### Task directions:
Everything from the line holding "Hama Portfolio Twiddle" to the end of the listing below should be copied exactly, line for line, minus the pictures.

### Supplied data:
──────────────────────────────

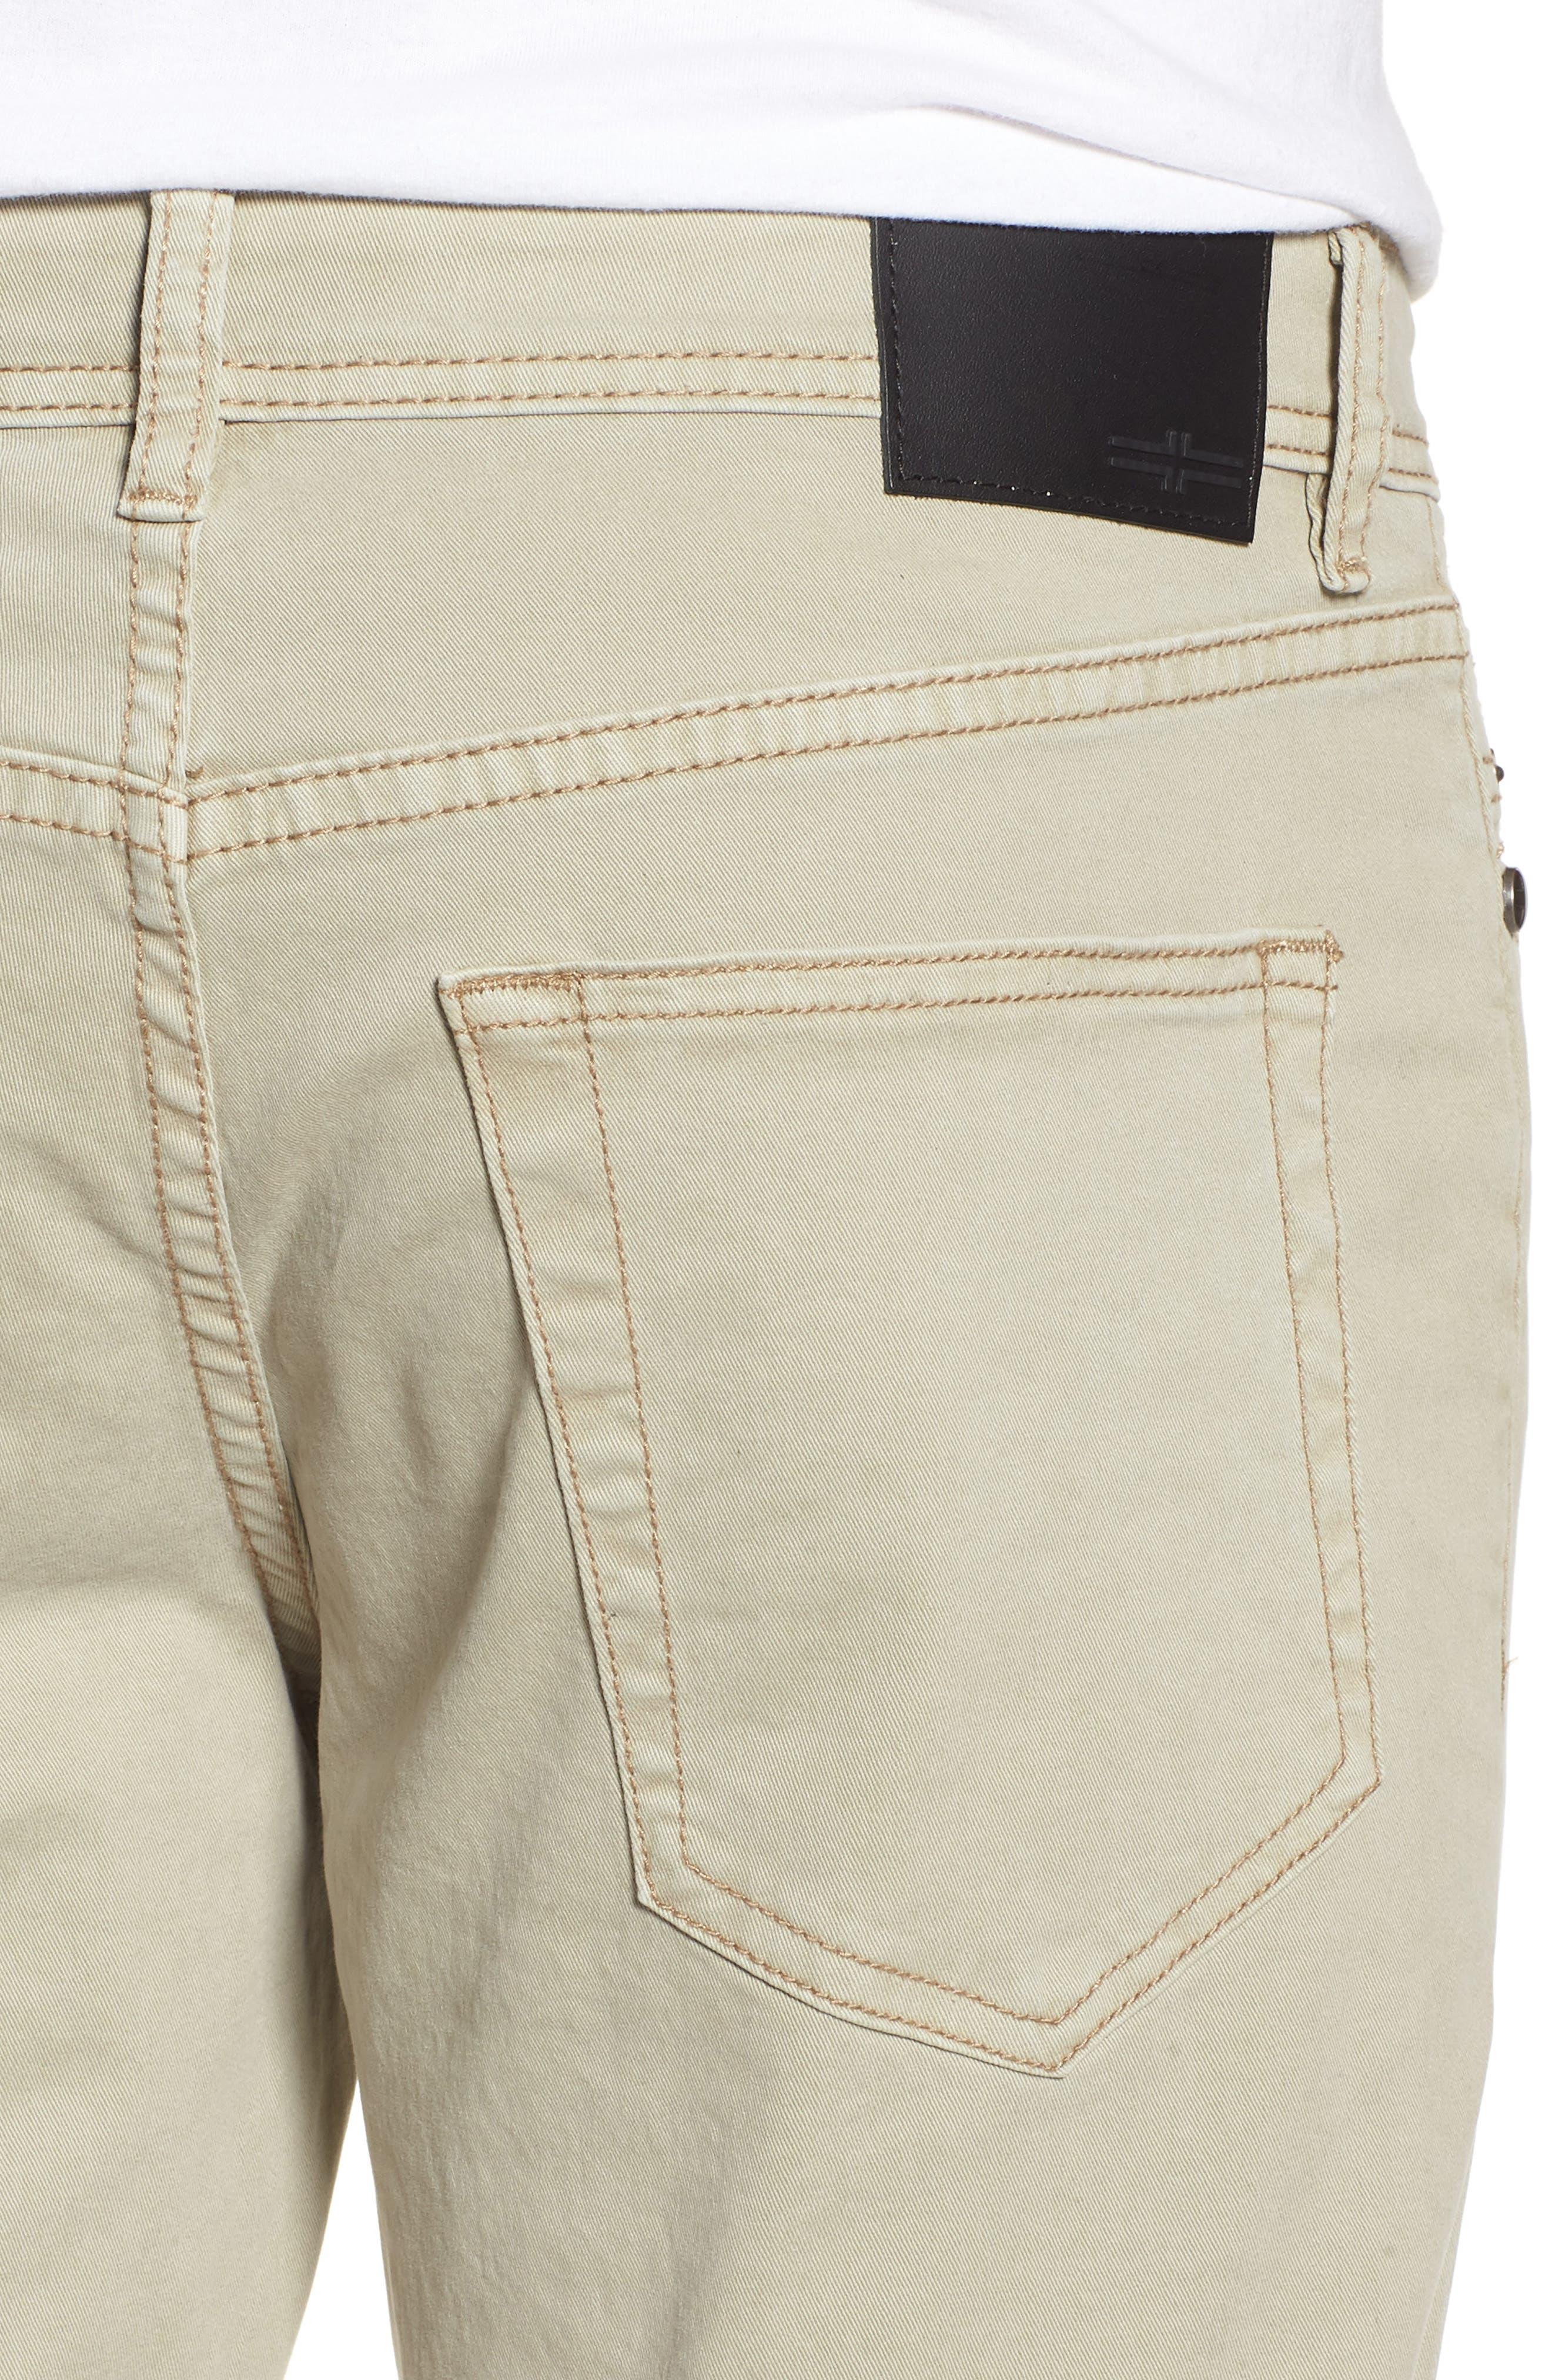 Jeans Co. Slim Straight Leg Jeans,                             Alternate thumbnail 4, color,                             Sandstrom
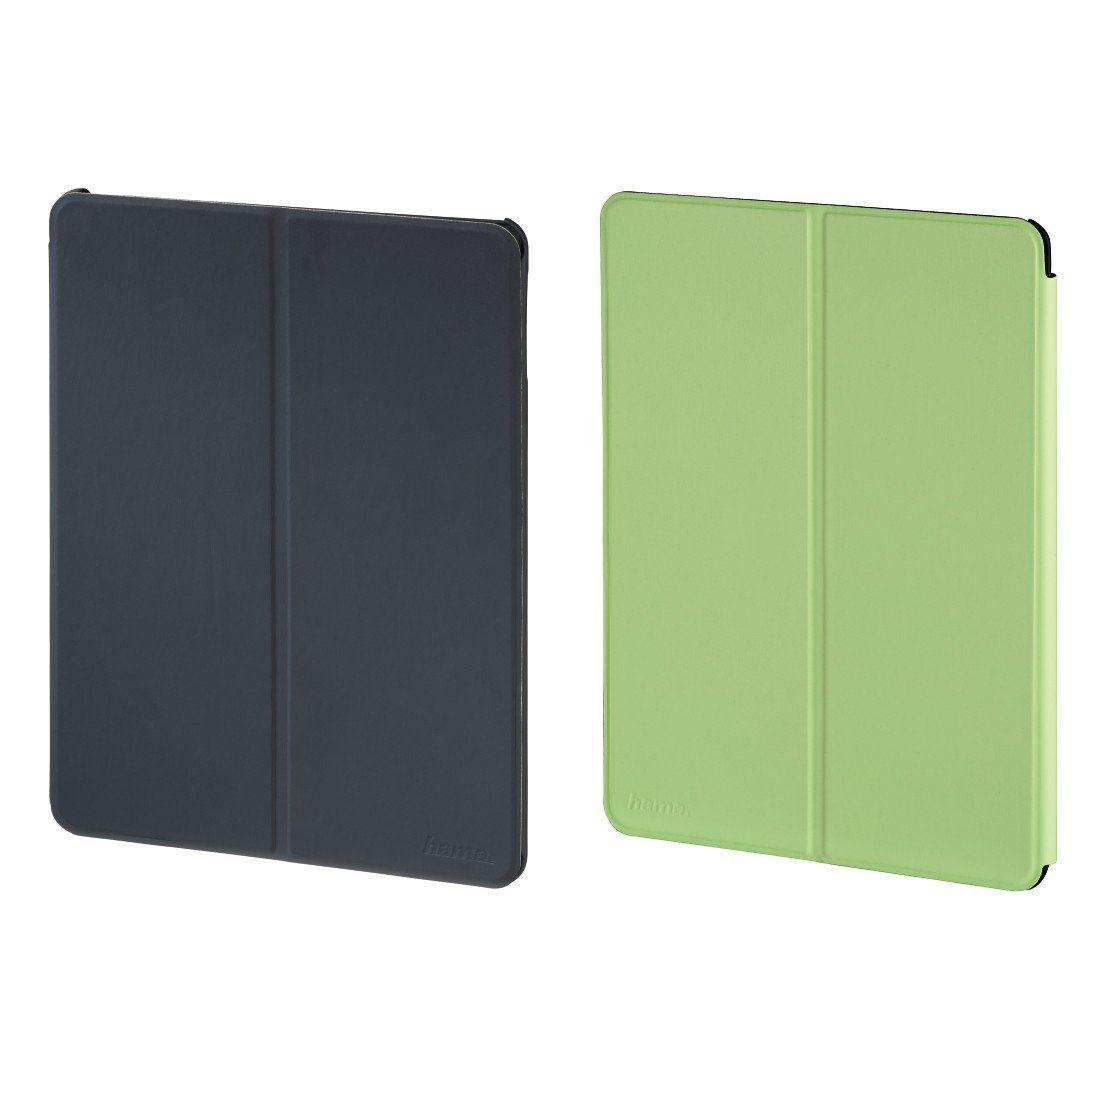 Hama Portfolio Twiddle für Apple iPad Air 2, Grau/Grün
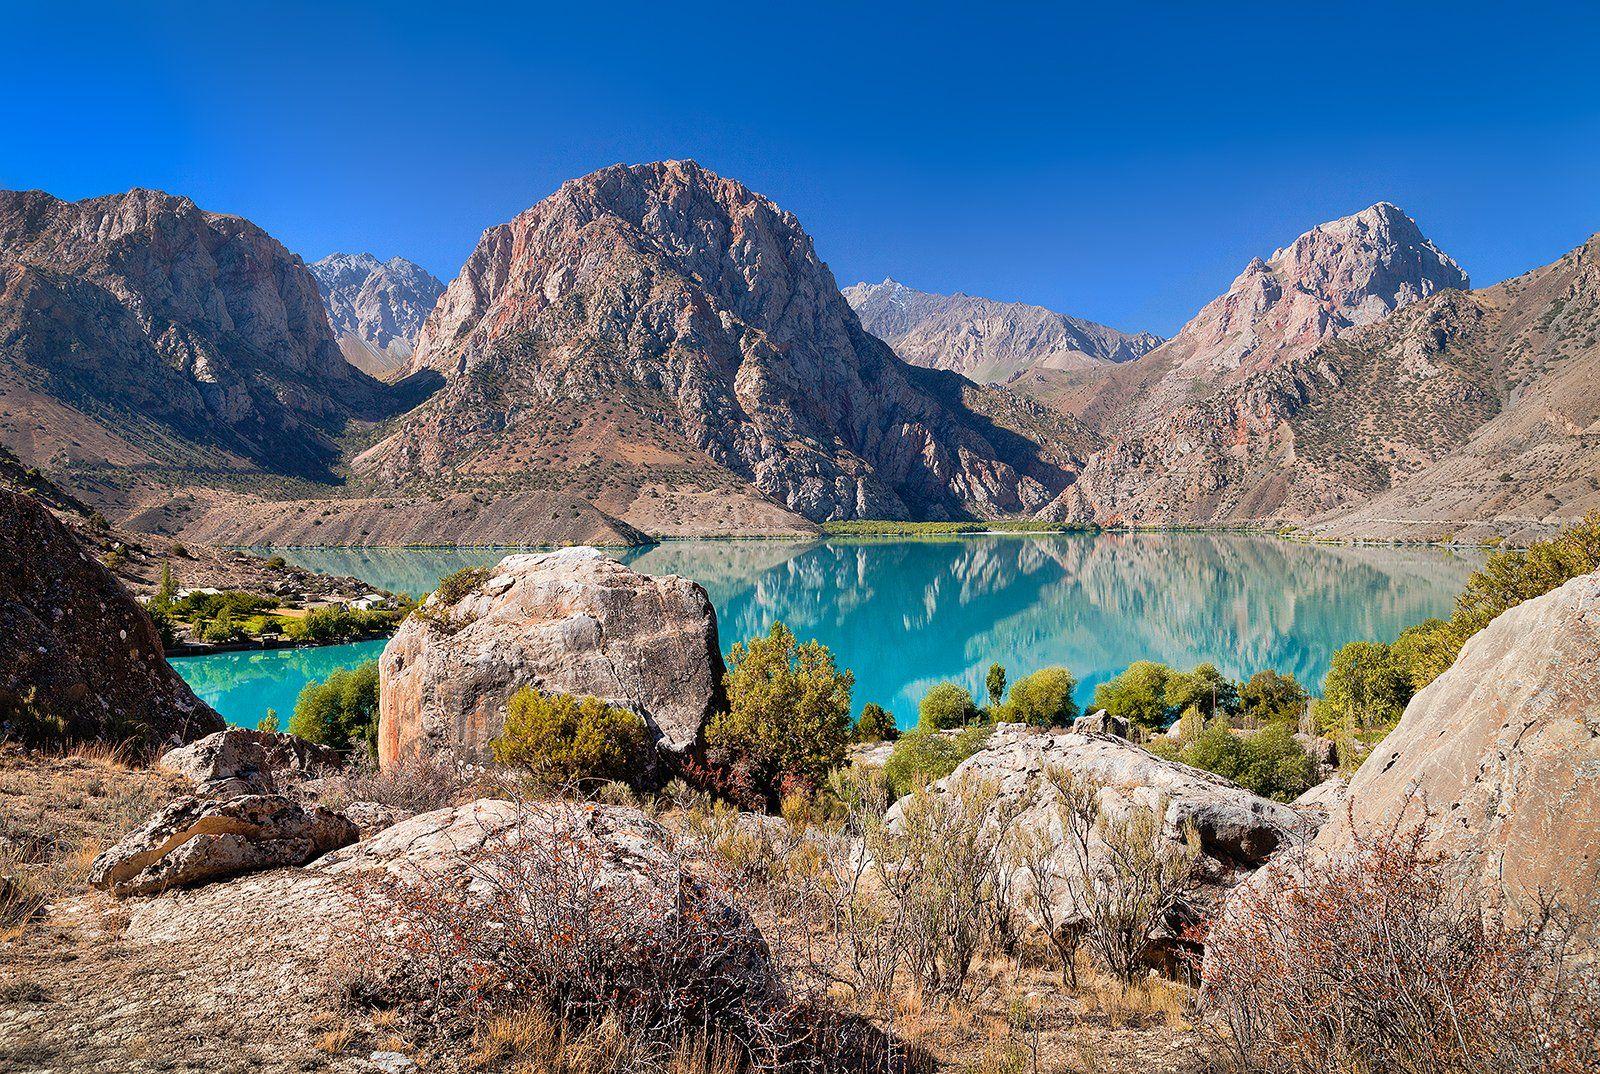 Таджикистан, Средняя Азия, Фанские горы, Искандер, Александр Великий, горы, озеро, бирюзовый, путешествия, Бирюков Юрий
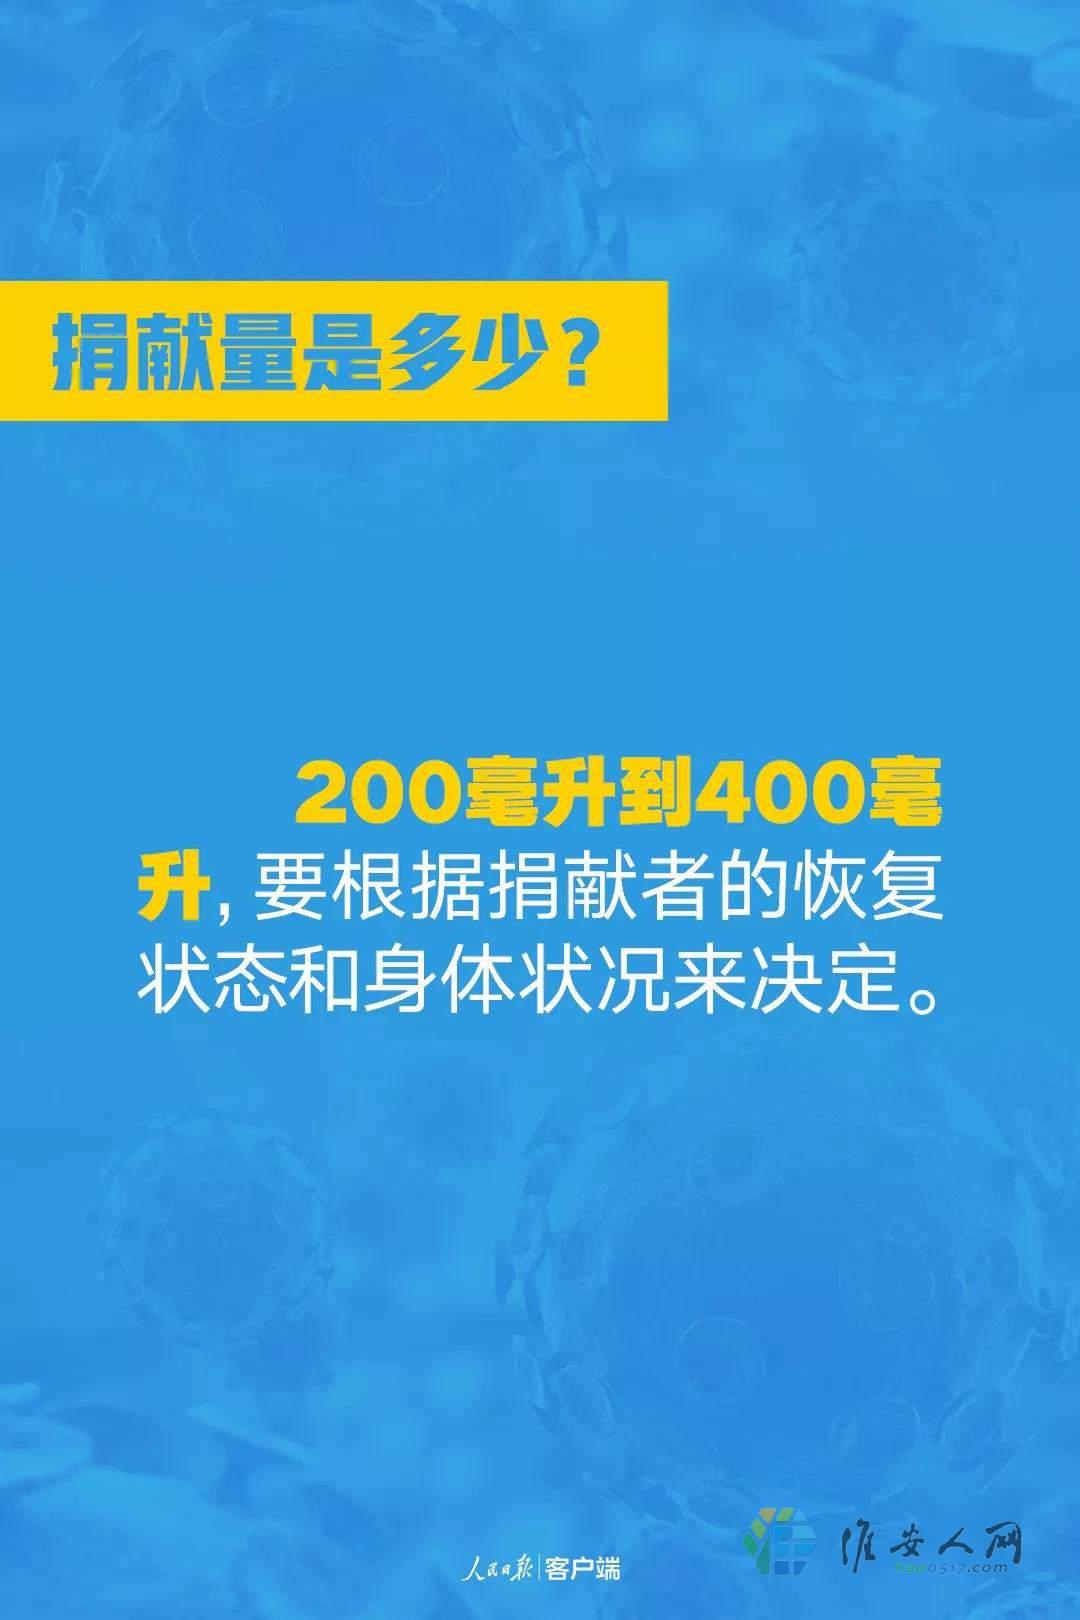 微信图片_20200216094514.jpg

──────────────────────────────

### Solution for this exercise:
 Hama Portfolio Twiddle für Apple iPad Air 2, Grau/Grün
 Таджикистан, Средняя Азия, Фанские горы, Искандер, Александр Великий, горы, озеро, бирюзовый, путешествия, Бирюков Юрий
 微信图片_20200216094514.jpg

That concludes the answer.